During the period of 1977–91, the Communist Party of the Soviet Union (CPSU) started its covert political activities through the Awami National Party, many of its senior leadership served Soviets intermediary and advisers. The ANP and the PPP and other leftist entities formed the Movement for the Restoration of Democracy (MRD) that began to resisted Zia's right-wing alliance, who had been supporting the Afghan mujaheddin factions in Soviet Afghanistan. During the most of 1980s, the ANP demanded the end of backing of Afghan mujaheddin and acceptance of Kabul's terms for speedy repatriation. In 1987, calculations completed by Pakistan Institute of Public Opinions (PIPO), around ~66% of party's respondents expressed themselves against Pakistan's continuing support of Afghan mujahideen.

However, the MRD suffered many set backs because of its pro-Leninist stance which was not the "line" of Kremlin at that time.  The events that led the collapse of the Soviet Union shattered Pakistan's left. It almost disappeared, until Benazir Bhutto succeeded to unite the scattered leftists mass, which integrated into the PPP, and turned the radical and pro-Soviet leftists into more Social democracy with the principles of democratic socialism and after the death of Bhutto's daughter it is the PTI chairman imran Khan who is nowadays a leftist social democratic leader and closely allied with pro-China line.

Soviet-Afghan war

Relations between Pakistan and the Soviet Union fell to a low point following the Soviet Union's military involvement in Afghanistan. Pakistan supported the anti-communist and religious extremist Mujahedeen forces who fought to overthrow the communist Afghan Government, which had usurped power in the Saur revolution in 1978, whereas the Soviets, ostensibly to support the communist People's Democratic Party of Afghanistan, entered Afghanistan, staged a coup, killed Hafizullah Amin, and installed Soviet loyalist Babrak Karmal as leader.

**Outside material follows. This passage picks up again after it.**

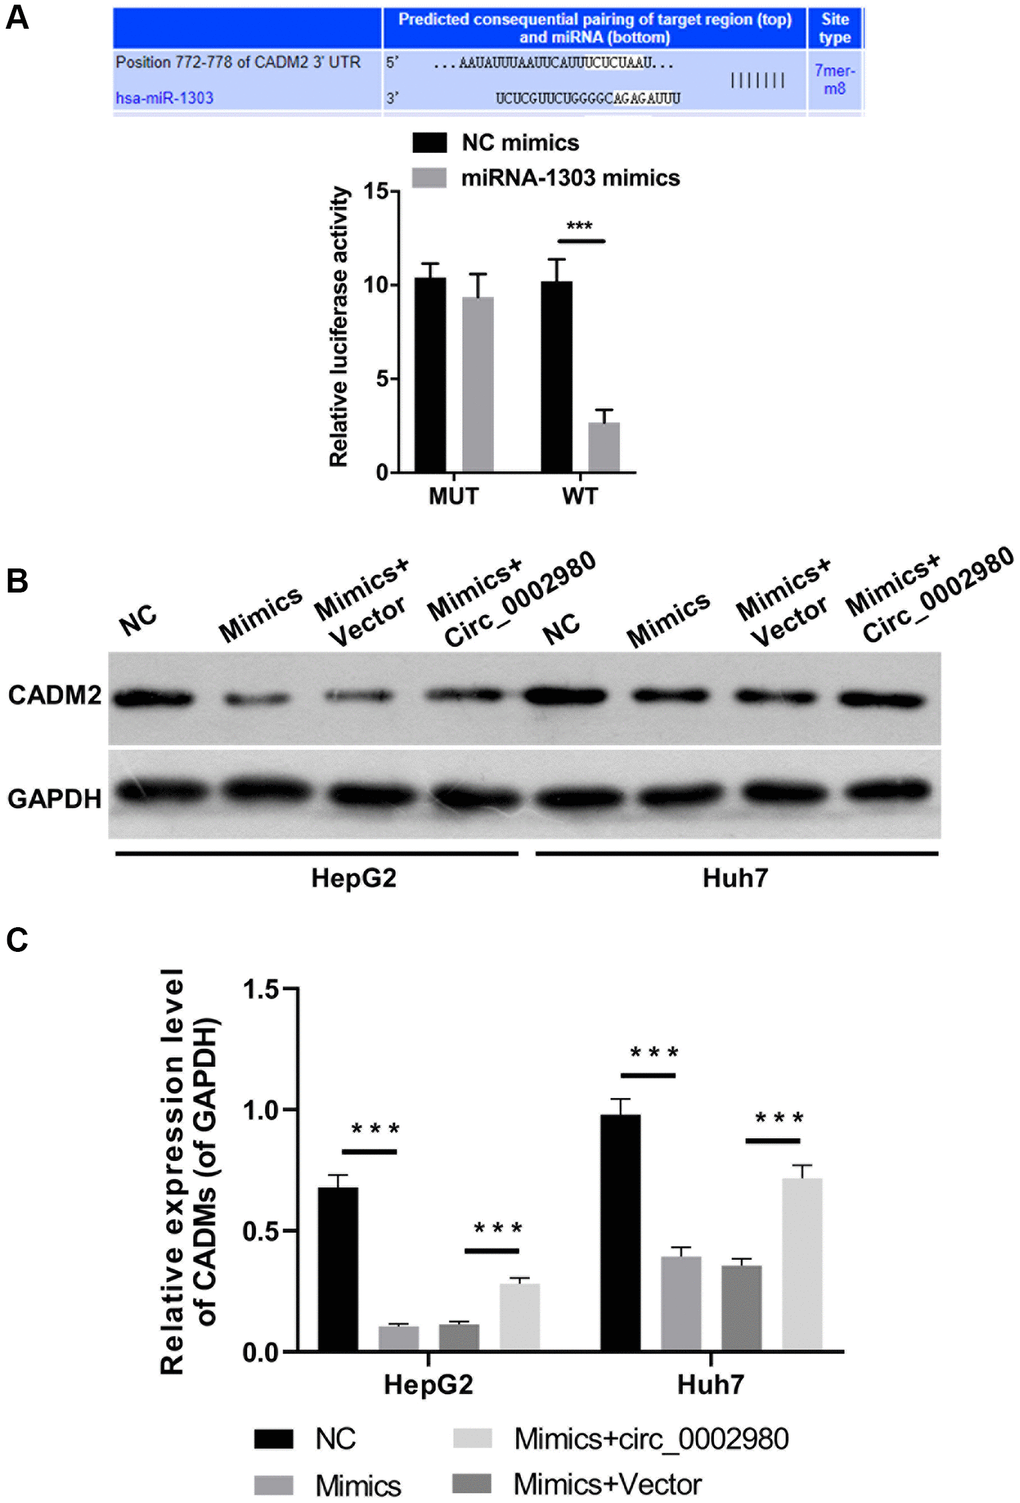 CADM2 was a target gene of miR-1303. (A) TargetScan analysis was applied to predict the binding site between miR-1303 and CADM2, and the targeting effect of miR-1303 to CADM2 was confirmed using dual luciferase reporter assay. (B) Western blotting analysis of CADM2 expression in HepG2 and Huh7 cells, which were administrated with miR-1303 mimics and circ

Pakistani support for the Mujahideen later brought in the involvement of the United Kingdom, the United States, Saudi Arabia and China's support for the same anti-Soviet cause. Pakistan would receive aid from other Muslim nations, China, and the US in the advent of war by the USSR according to General Zia. American presence in Pakistan as well as anti-Soviet/communist Mujahideen havens resulted in Soviet attempts to bombard targets in Pakistan by air that were seen as a threat to the security of Soviet forces in Afghanistan. Some of these resulted in air to air skirmishes between the Soviet Air Force and the Pakistan Air Force (PAF).

Pakistan personalities with Soviet Honors 

Faiz Ahmed Faiz—Lenin Peace Prize (1962)
Abdul Sattar Edhi—Lenin Peace Prize  (1988)
Abdus Salam—Lomonosov Gold Medal (1983)

Soviet personalities with Pakistan honors 
Anna Molka—  Tamgha-i-Imtiaz (1963) and Pride of Performance (1969)
Mikhail Koltokof— Pride of Performance (1987)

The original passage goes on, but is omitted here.